41. Perang Keluarga

431 27 9
                                    

Kukira ia akan bersikap dramatis dan melemah, namun Julian seperti menyadarkan dirinya dan bersikap dewasa.

"When did you find out?" tanyanya sambil memerhatikan baik-baik ketiga testpack tersebut. Tangannya gemetar selagi ia mencoba tegar.

"Empat hari yang lalu. Yang kamu pegang, itu test pack hari ini. Kemarin aku ke dokter untuk USG dan, ternyata aku memang hamil."

Ia menengadah dan berusaha agar air matanya tak jatuh. "Kenapa kamu gak bilang aku?"

"Its Kelvin's birthday. And, i feel like you have so much on your mind already. Aku gak mau nambah pikiran kamu."

Julian kehabisan kata-kata. Ia menatapi testpack itu dan menatapku berkali-kali. Sampai akhirnya, ia meletakkan testpack itu dan duduk di sofa single yang berada di pojok kamar kami.

"Car... aku..."

Ia mengusap lehernya, ia tak terlihat baik.

"I am so happy right now but, i'm sorry i feel odd."

Ia terlihat tenang, tapi aku tahu dadanya bergejolak. Aku sedikit lupa. Julian mungkin terkejut ketika aku menyodorkannya testpack sambil berteriak seperti tadi. Mungkin selama sepersekian detik, aku terdengar seperti Chloe.

Setelah lebih tenang, ia kembali berdiri. Ia menghampiriku dan memelukku tanpa basa-basi lagi.

"Mas... maaf. Kamu kaget, ya?" ucapku lalu mengelus punggungnya.

"I'm fine, Sayang. I am so happy to hear this. You are gonna be our baby's Mama. God, Jesus, thank you." Julian melonggarkan pelukannya, membuat tanda salib di dadanya, dan berdoa sedikit.

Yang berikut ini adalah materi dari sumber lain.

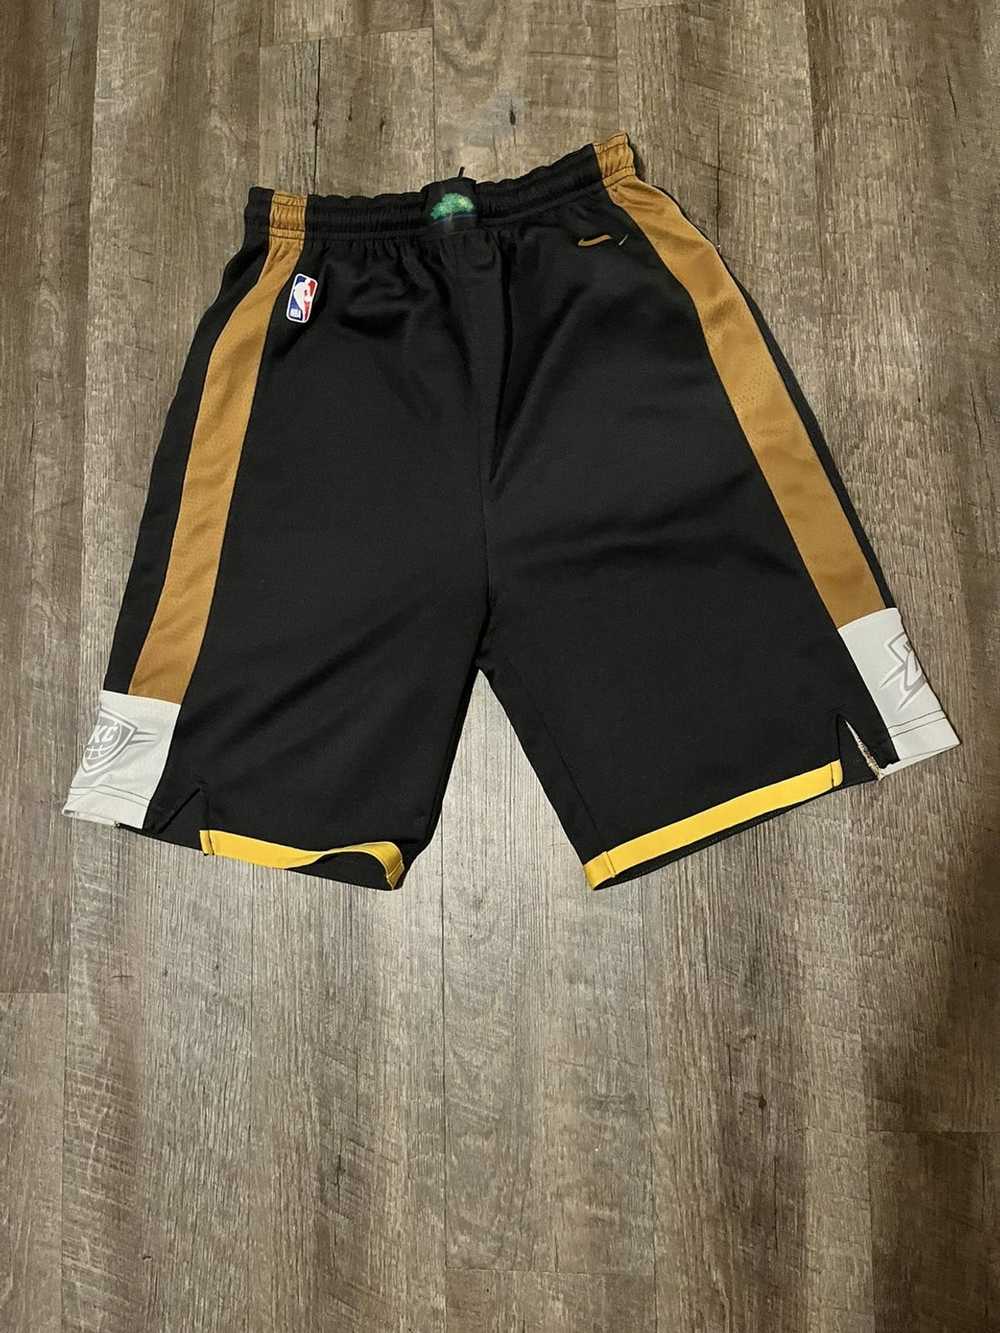 NBA NBA OKC City Shorts - image 1

Mataku berkaca-kaca. Aku bahkan tak menyangka Julian akan sangat bersyukur dengan berita ini.

"Mulai sekarang juga, kamu gak perlu mikirin Octa atau Yohan. Aku yang akan urus semuanya. Sekarang, kamu fokus sama anak kita aja, oke?"

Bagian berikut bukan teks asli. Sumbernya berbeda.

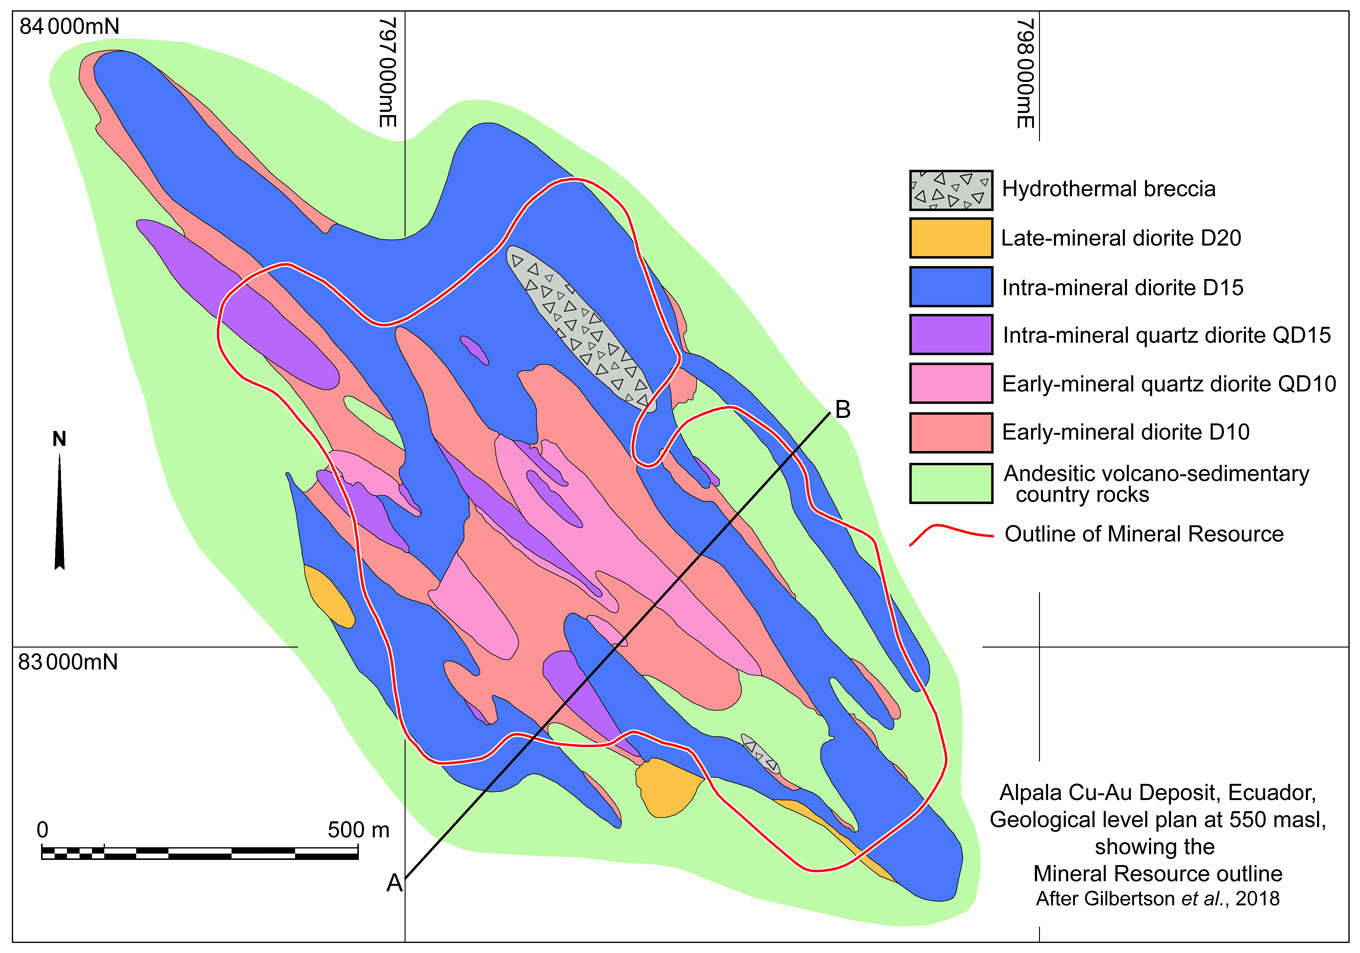 Alpala Geology Plan

"Kurasa aku yang harus minta Mas untuk gak mikirin apa-apa. I know you are overwhelmed. Aku bisa liat dari wajah kamu."

Julian mencoba tersenyum lebar dan mengeluarkan wajah paling bahagianya. Aku langsung menggelengkan kepala dengan kepalsuan itu. Aku membencinya. Aku benci ketika aku selalu melewatkan saat-saat terendahnya dan aku tak pernah di sana.

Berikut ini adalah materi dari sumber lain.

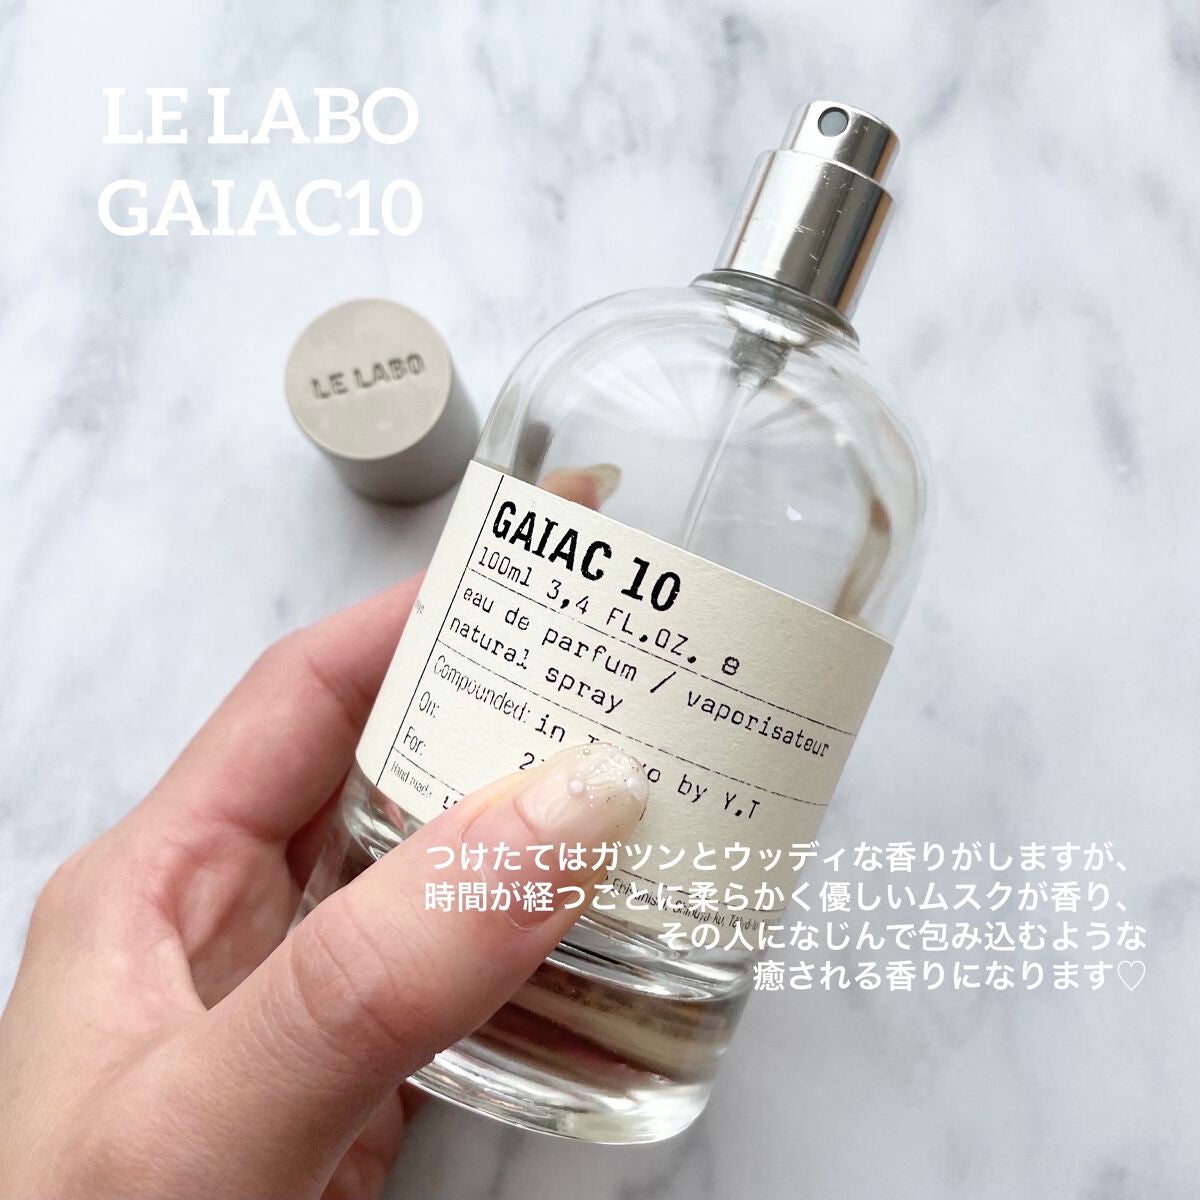 GAIAC10 Le Labo 大容量100ml 香水

"Mas, ayolah. Gak perlu pura-pura gitu. Is it... hurt? Whats on your mind?" Aku meletakkan tanganku di atas dadanya yang berdebar sangat keras dan cepat. Julian melemaskan tubuhnya dan mencoba mendengarkan isi kepalanya baik-baik.

"Kamu bukan tempat rehabilitasiku, Car. Aku gak mau nyusahin kamu dengan pikiran aku."

"Aku akan lebih khawatir dan stres kalau Mas nutupin semuanya."

"Baik... sini duduk sama Mas."

Ia meyakinkan diri untuk bercerita. Sebisa mungkin ia runtuhkan tembok-tembok itu dariku. Saat ini, aku hanya melihatnya sebagai seorang Julian, pria yang berumur hampir 31 tahun, dengan segala kesulitannya. Kupikir ketika kau sudah kaya raya, tak akan ada lagi masalah yang tak bisa diselesaikan dengan mudah. 

Ternyata, masalah kian sulitnya ketika kau berada di puncak sebuah pohon. Tiupan angin lebih kencang di atas sini.

Kami duduk di tepi ranjang. Julian menarik napas dalam-dalam, lalu mengembuskannya perlahan. Ia menggenggam tanganku dan aku mengelus tangannya dengan lembut.

"Terlalu banyak hal yang terjadi di satu waktu, Car. Rumor tentangmu, Yohan, kamu hamil, belum lagi masalah selingkuhan Papa yang sebetulnya masih belum selesai. Di luar itu, secara gak langsung kerjaanku juga nambah pikiranku. Aku... agak lelah."